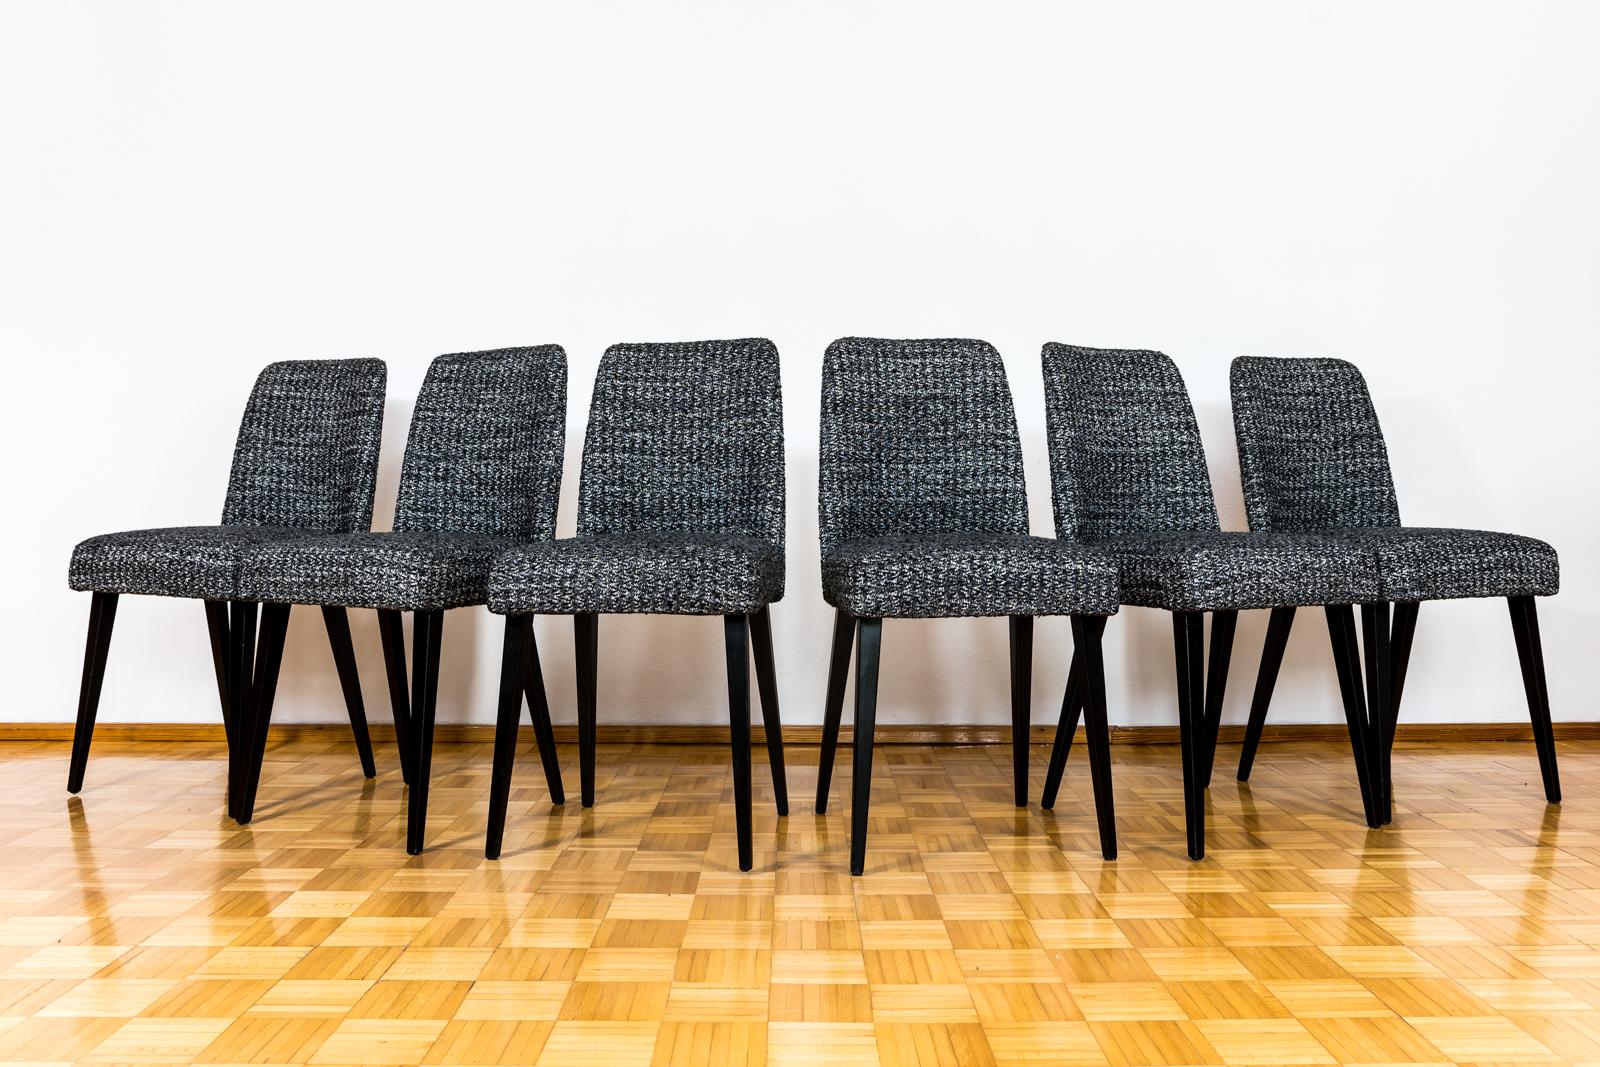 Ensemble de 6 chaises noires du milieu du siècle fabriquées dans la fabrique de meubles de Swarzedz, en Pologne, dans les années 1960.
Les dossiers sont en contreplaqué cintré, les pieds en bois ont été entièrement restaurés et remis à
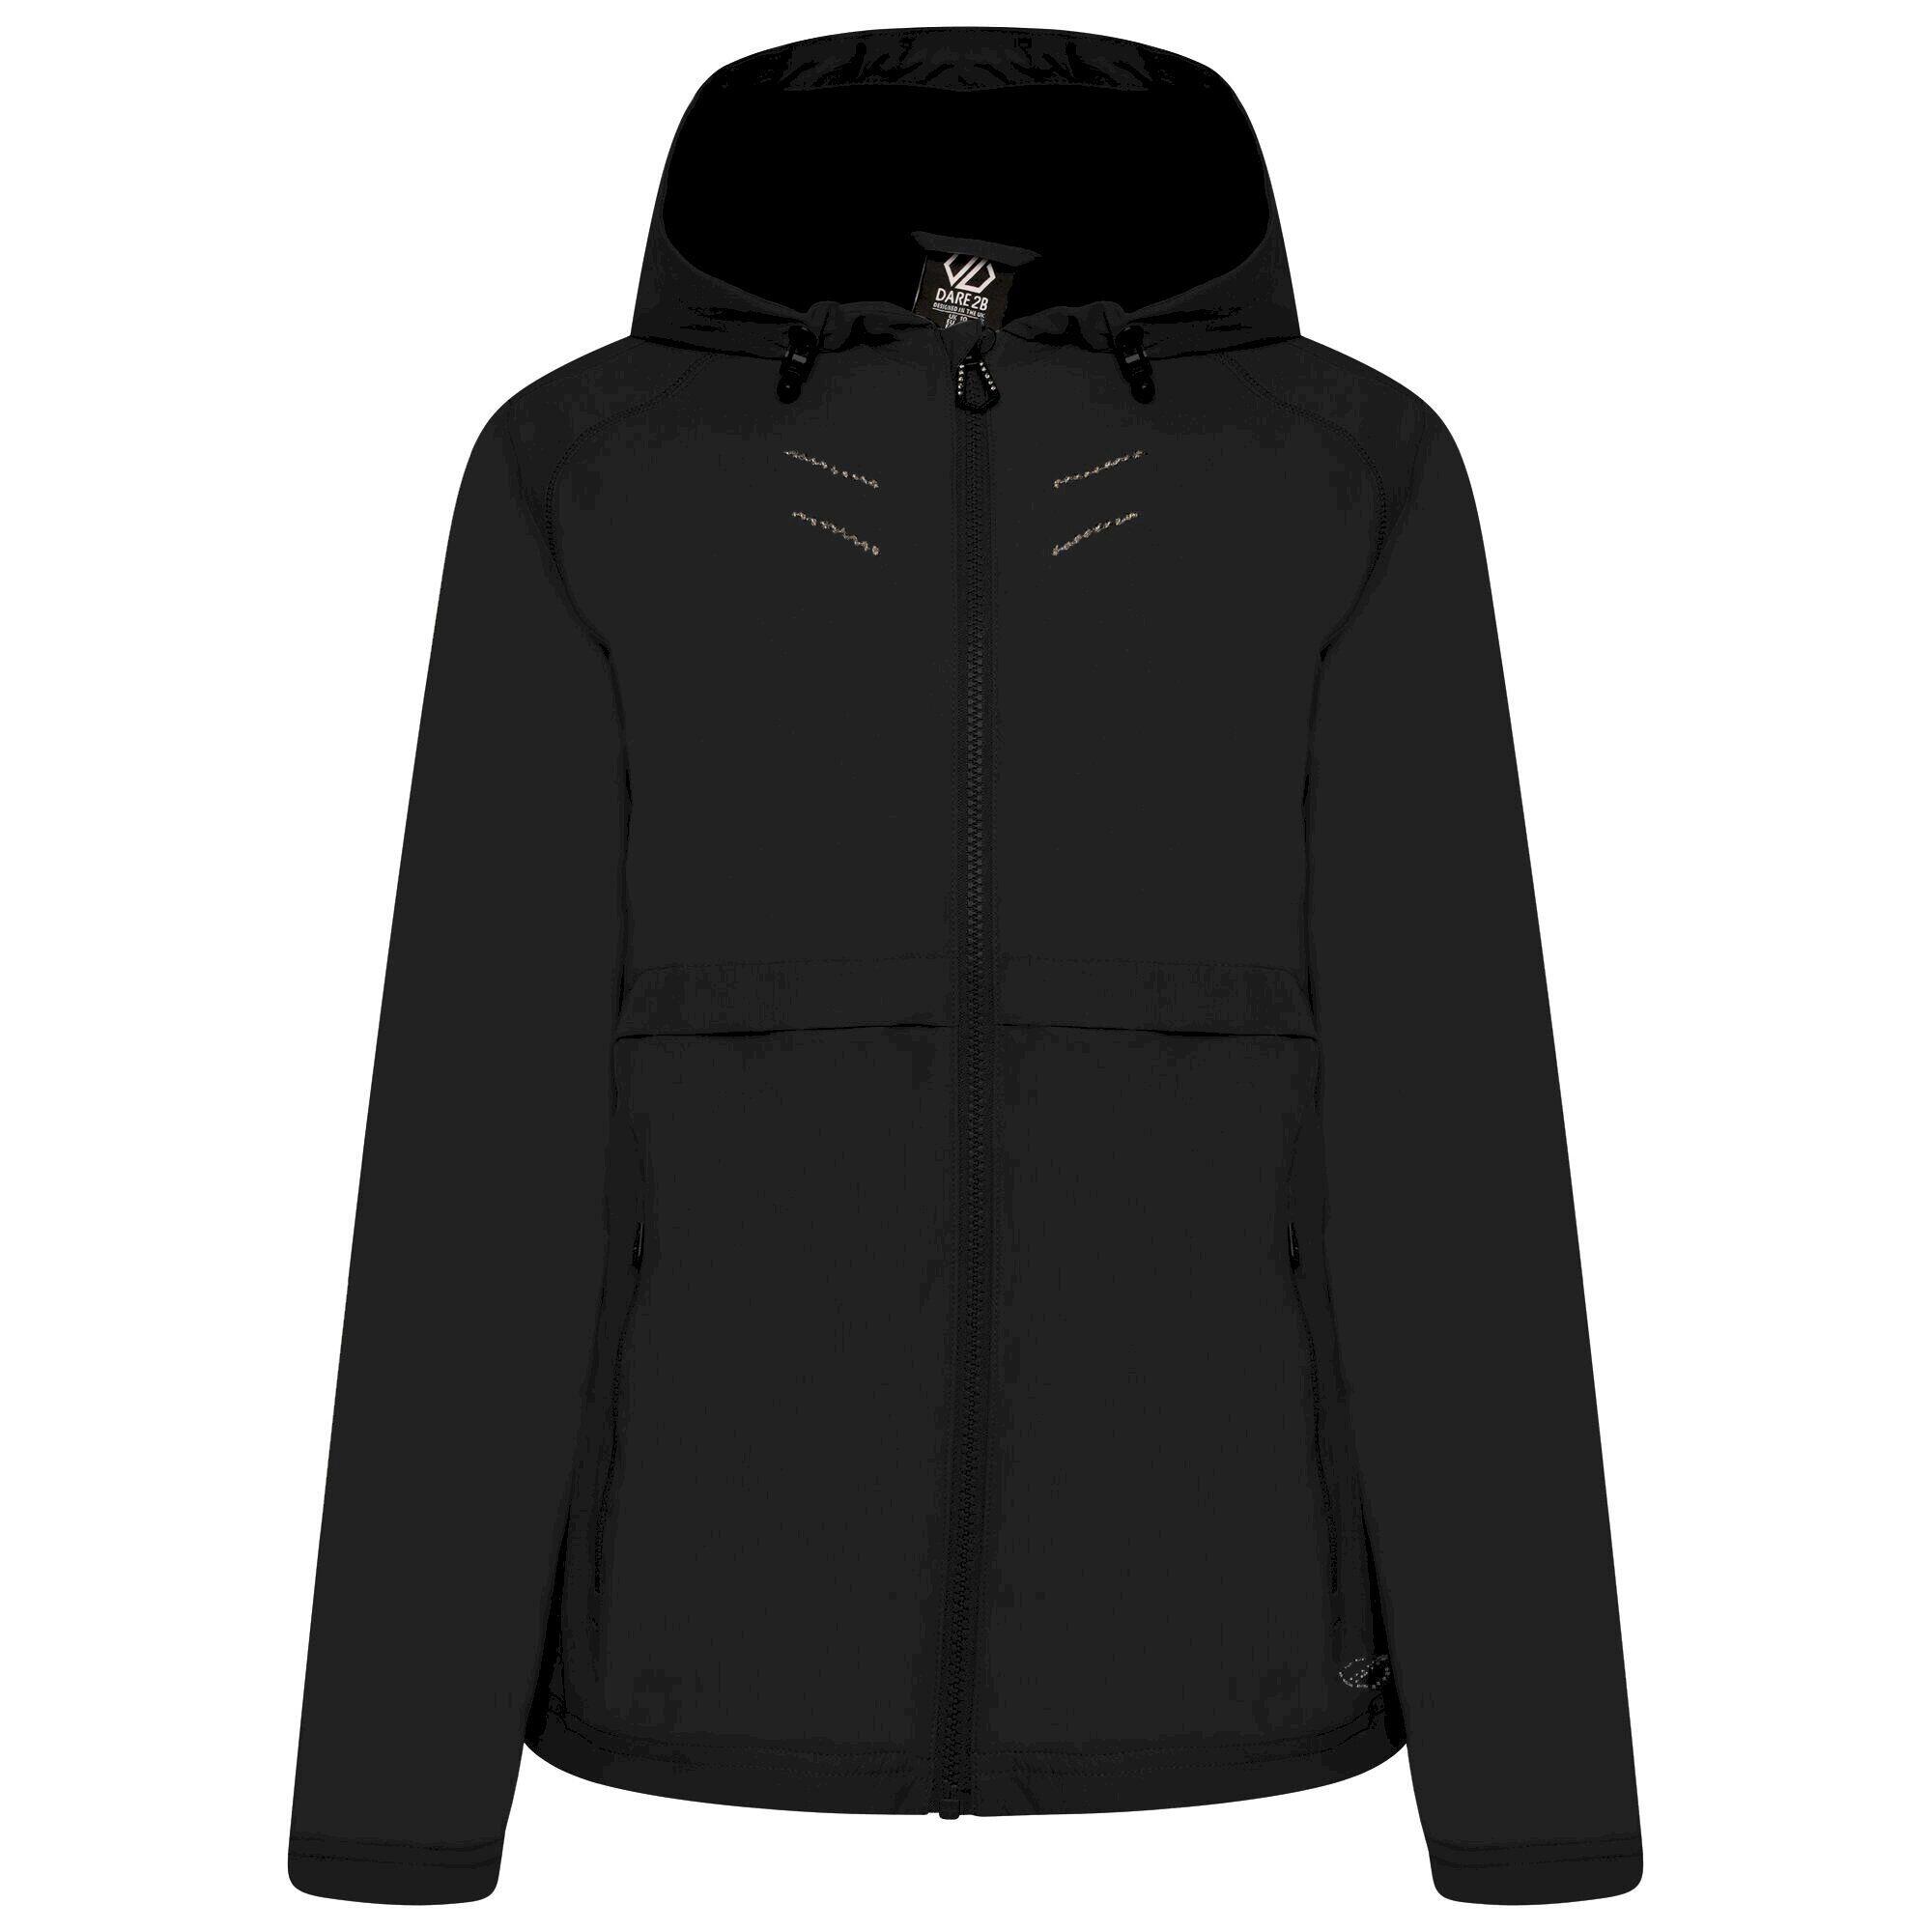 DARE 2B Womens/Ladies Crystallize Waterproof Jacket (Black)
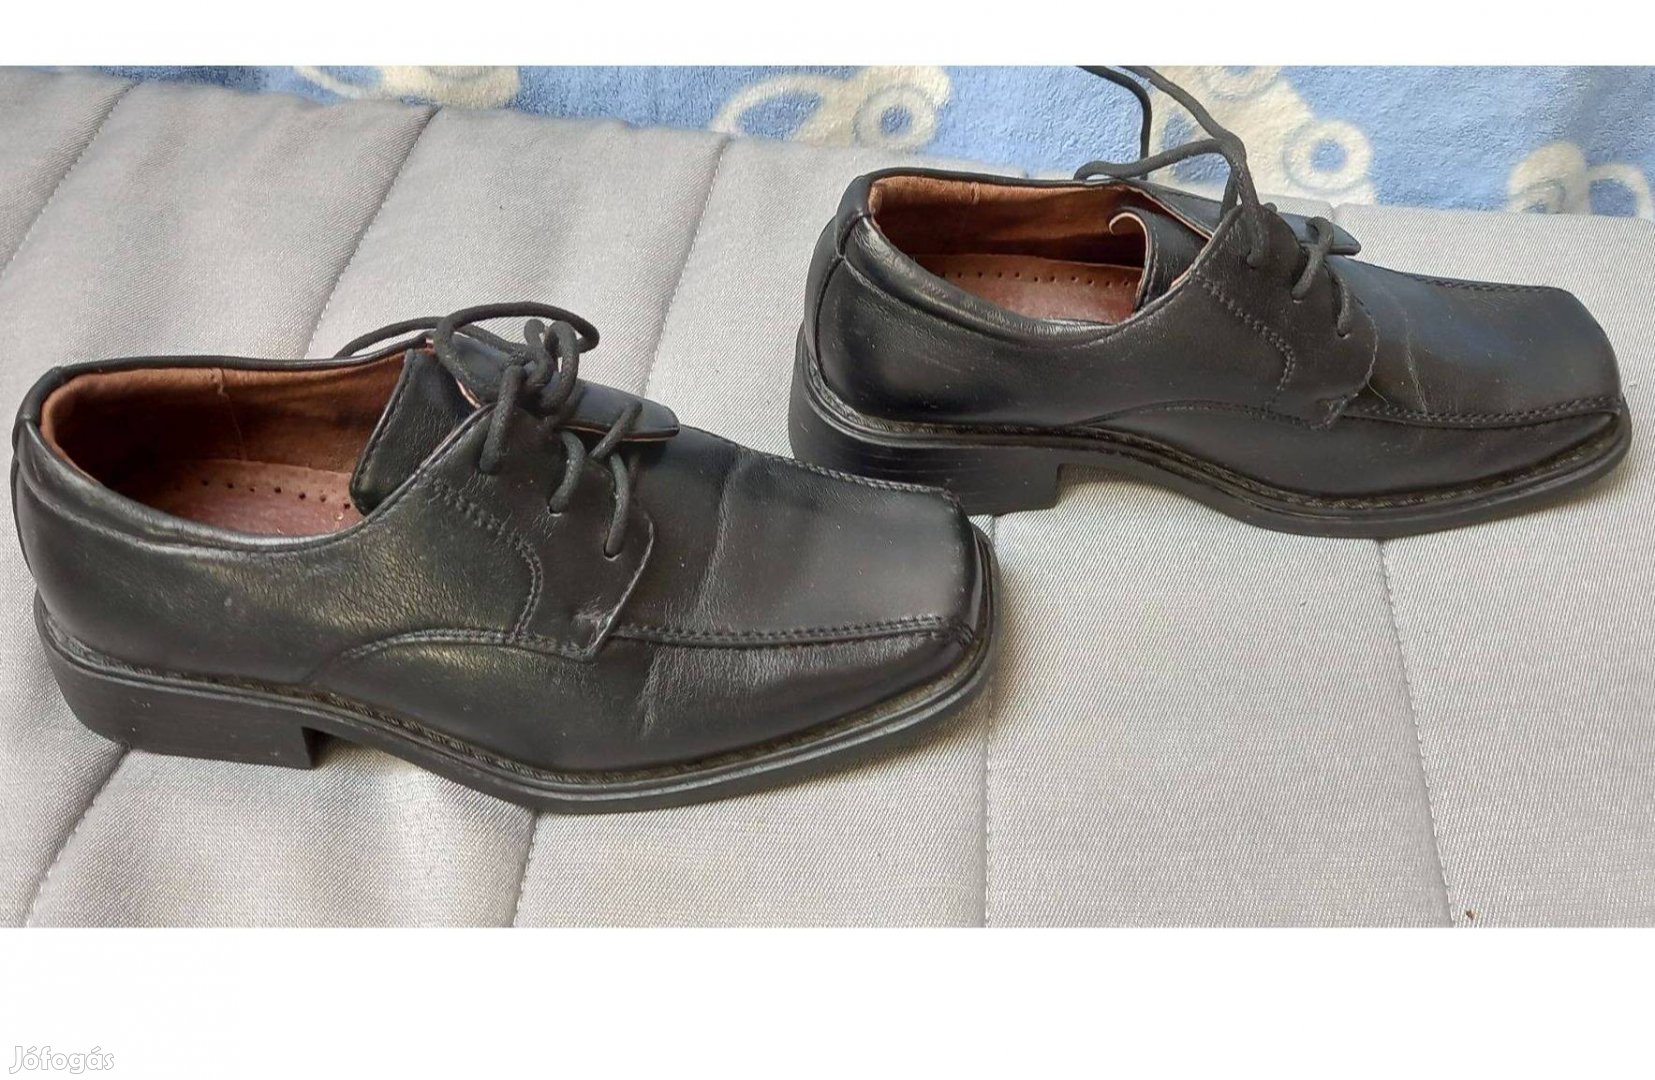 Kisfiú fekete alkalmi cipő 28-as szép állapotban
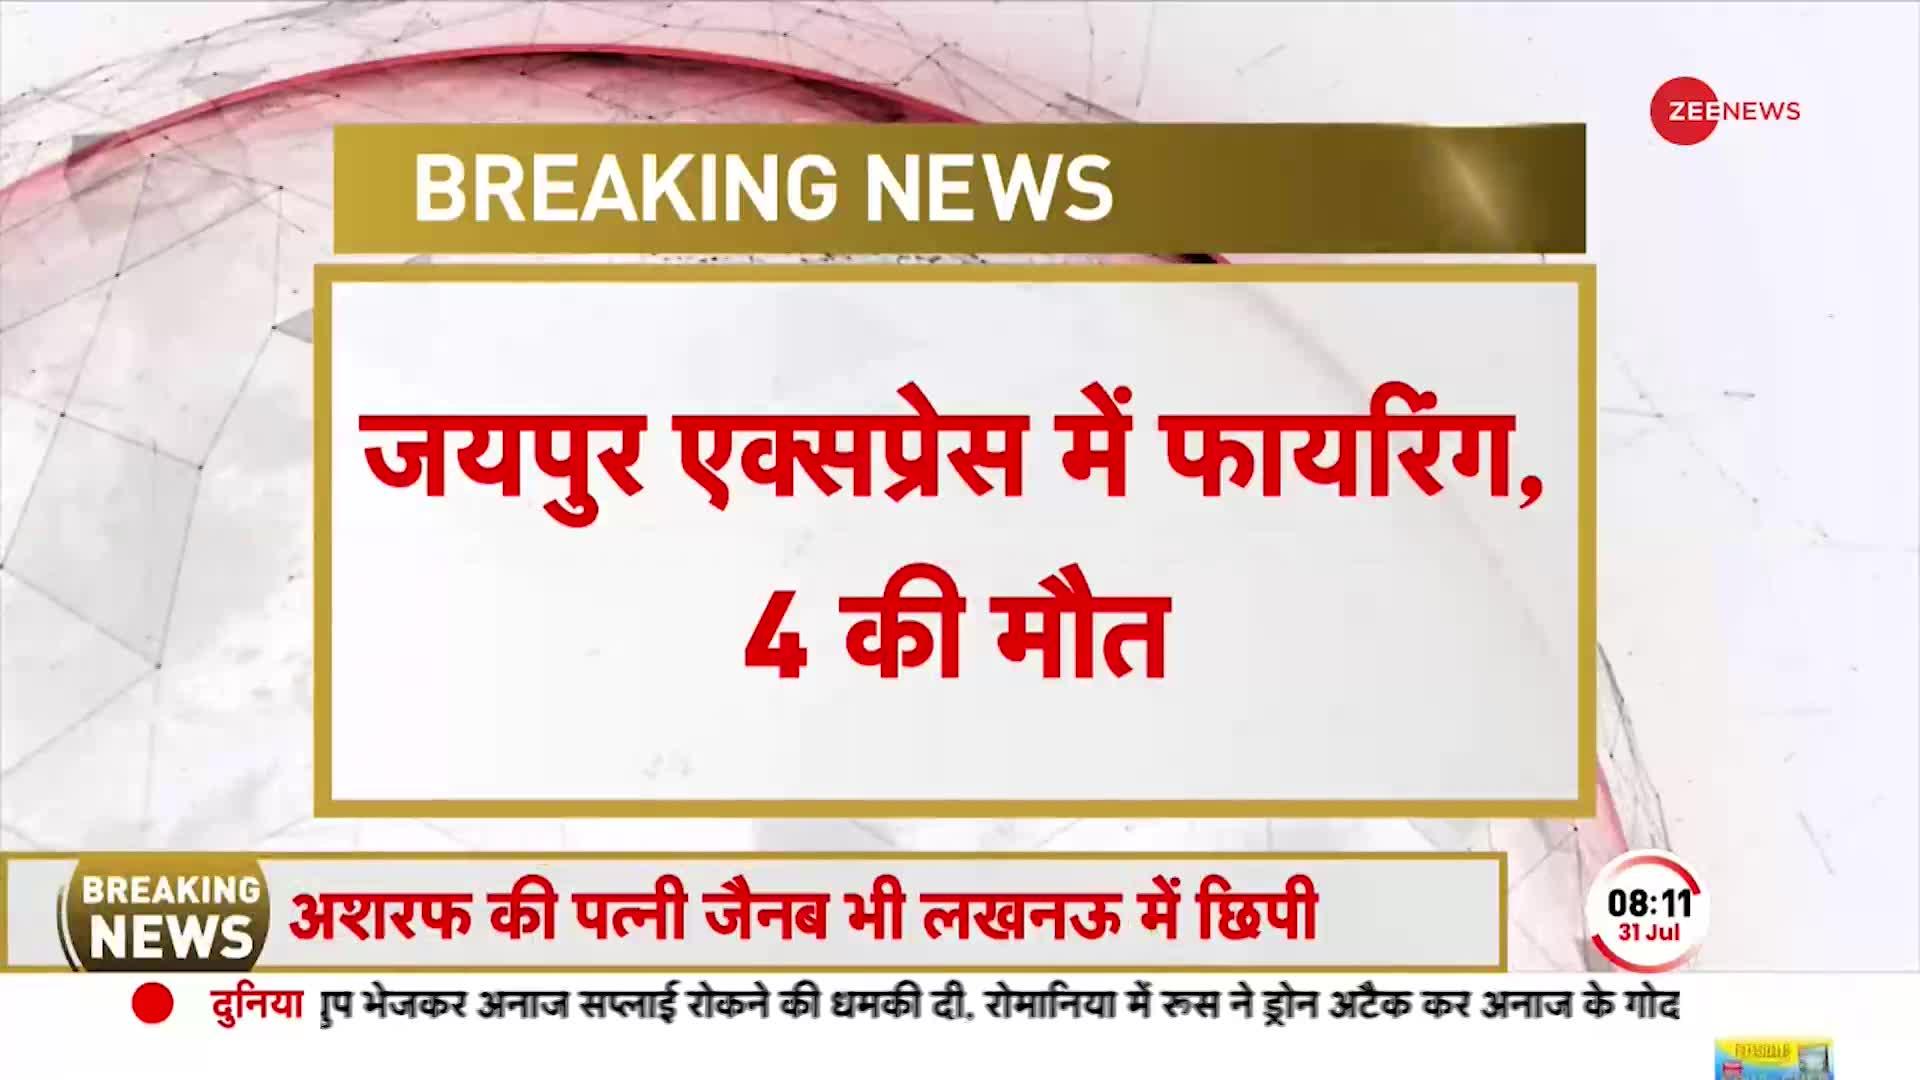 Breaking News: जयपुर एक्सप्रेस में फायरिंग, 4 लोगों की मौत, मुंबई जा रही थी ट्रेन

_ _ _

Your objective – Each line from the first line of the listing above through the line containing "Les dossiers sont" is to be written out exactly, and the pictures are to be left out.

Result of the task –
 Ensemble de 6 chaises noires du milieu du siècle fabriquées dans la fabrique de meubles de Swarzedz, en Pologne, dans les années 1960.
Les dossiers sont en contreplaqué cintré, les pieds en bois ont été entièrement restaurés et remis à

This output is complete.